Иногда кажется, что туман над вершиной почти готов рассеяться, – во всяком случае, вспыхивает за ним теплый, несказанно белый свет, к которому устремлено все живое на этой горе – и люди, и вся остальная одушевленная тварь, включая сюда не только меховых, пернатых и чешуйчатых, но и трепещущие травы, и поющие воды ручьев. Но таинственная дымка окончательно никогда не покидает вершину – жители и хотят этого, и боятся: вдруг свет окажется слишком ярким и жгучим – таким, что спалит их просторные дома, их пышные деревья со зрелыми плодами, да и сами бесстыдно воздетые глаза выжжет напрочь, оставив непочтительных поселенцев в вечной тьме?

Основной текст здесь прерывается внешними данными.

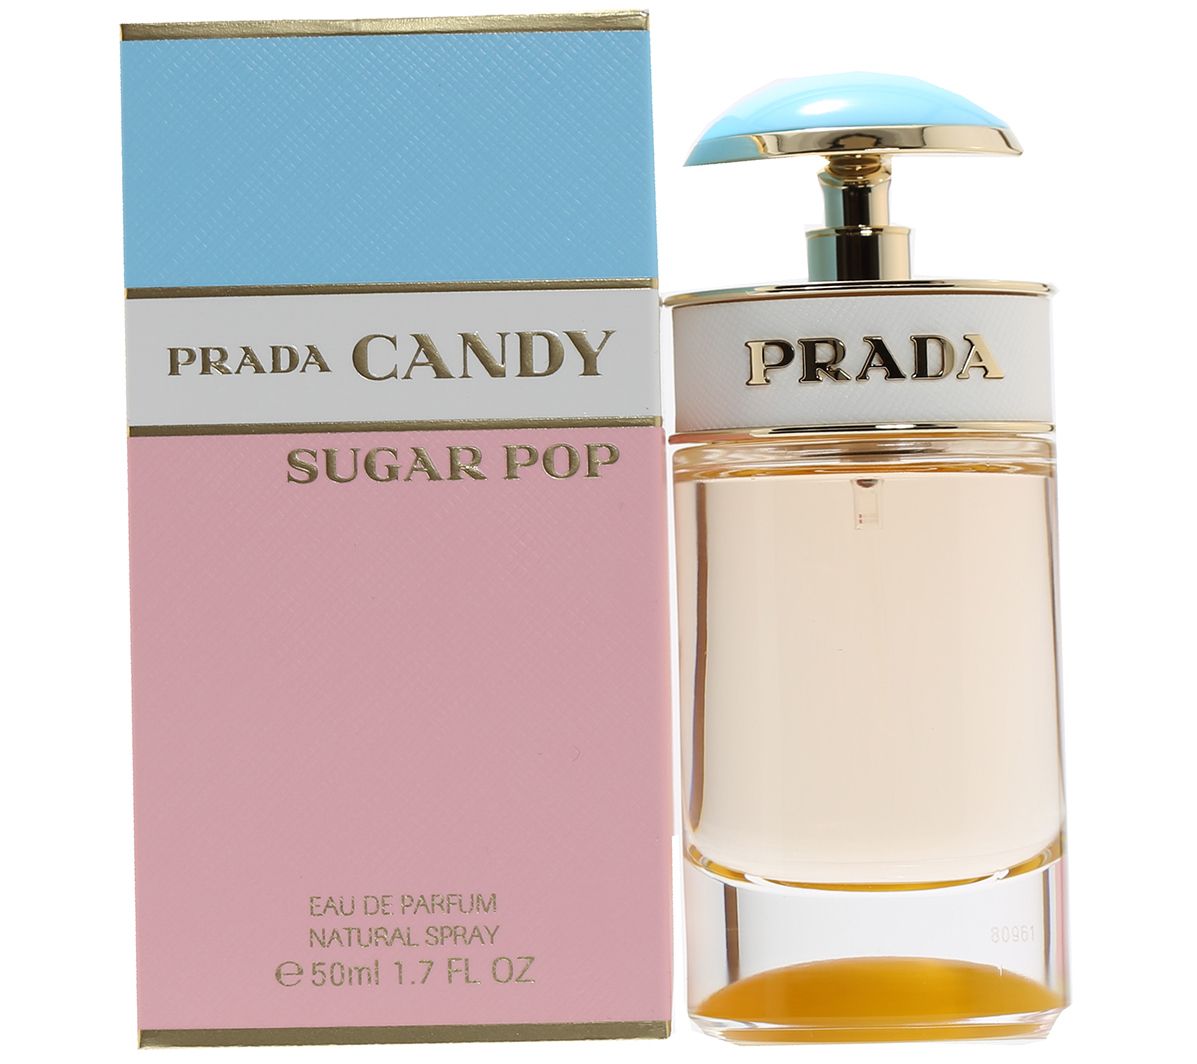 Prada Candy - Pop Lad Sugar ies Spray De Parfum Eau

Но если не задаваться всеми этими странными вопросами – а здесь считается дурным тоном ими задаваться – то жизнь на некрутом склоне, который почему-то все зовут «северным», вполне сносная – настолько, что большинство другой и не желало бы. Множество премилых внешне и вполне крепких, светлых и добротных, как в глянцевых журналах о загородной недвижимости, теремов, домов и домиков разбросано по широким уютным уступам – некоторые из них окружены яркими благоухающими цветниками, другие стоят в тенистых садах с резными беседками и лопотливыми фонтанчиками, но есть и такие, что бесстрашно глядят широкими окнами на отвесный обрыв, под которым тоже всегда стоит туман, – только не радостный и многообещающий, как наверху, а неприятно темный, бурый и сырой. Те, кто поселился здесь не сразу, а пришел, преодолев долгий и тяжкий путь от самого подножия, никогда не рассказывают о том, что видели внизу, – да и сами стараются поскорей забыть…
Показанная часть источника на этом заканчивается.